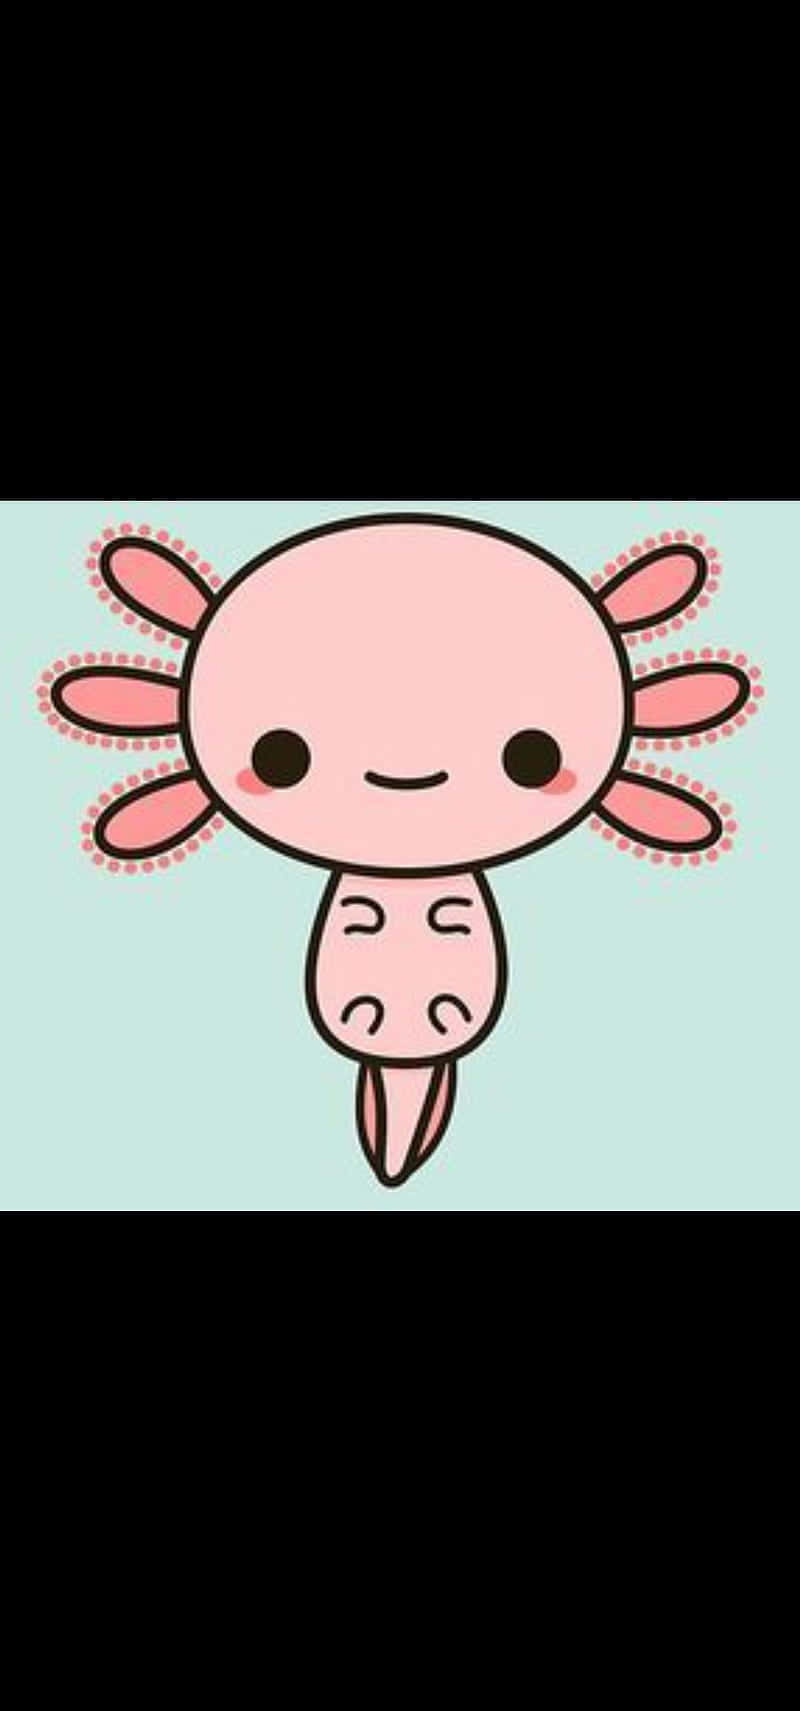 Pink Cute Axolotl Digital Illustration Wallpaper
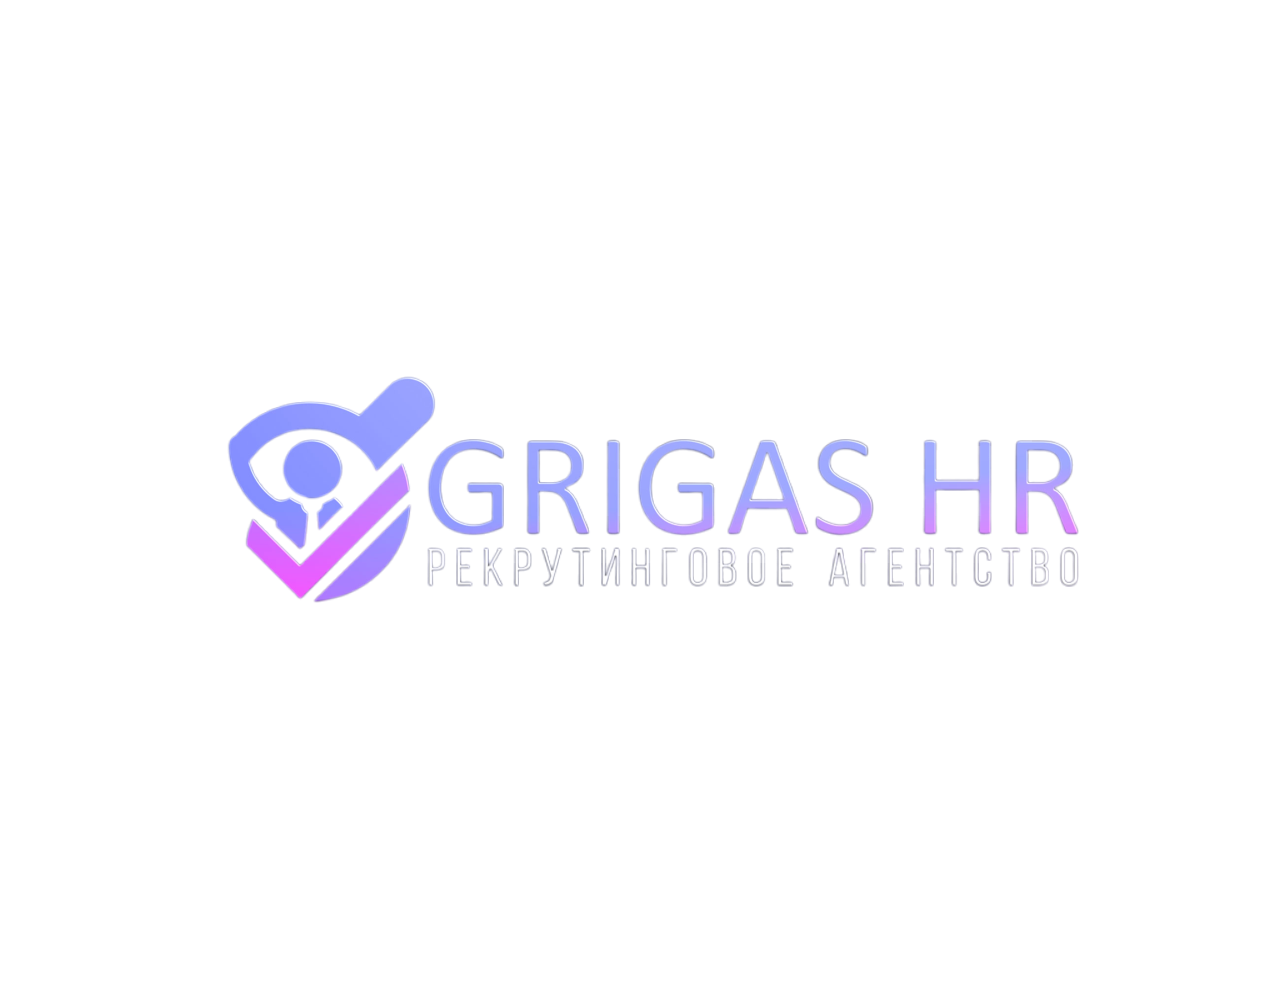 Grigas HR
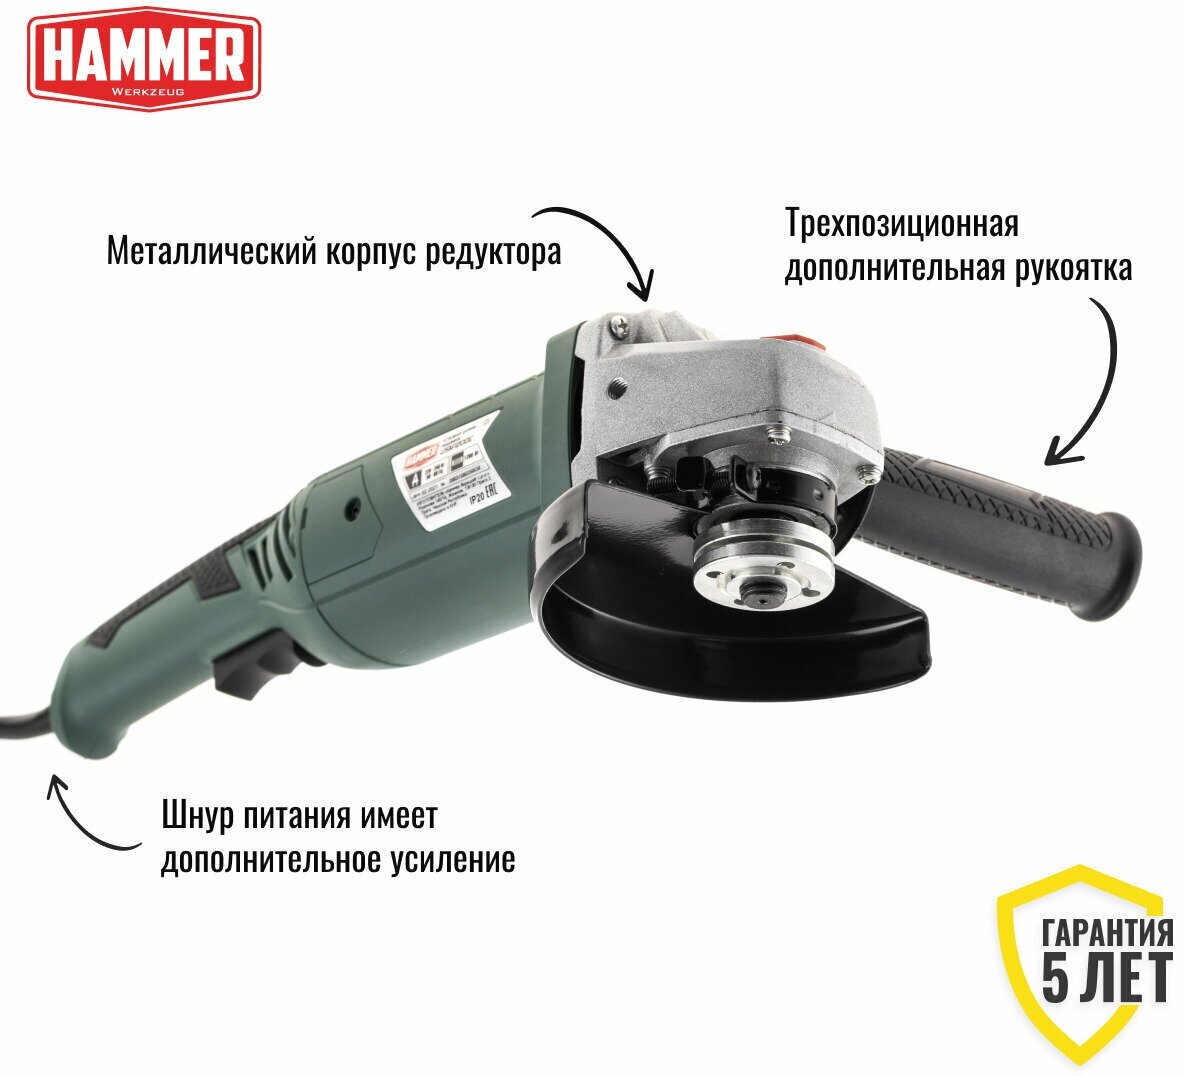 УШМ (болгарка) Hammer - фото №4

- **EXERCISE AIM**
Reproduce the preceding material exactly, skipping pictures.

- **EXERCISE RESULT**
 Pink Cute Axolotl Digital Illustration Wallpaper
 Grigas HR
 УШМ (болгарка) Hammer - фото №4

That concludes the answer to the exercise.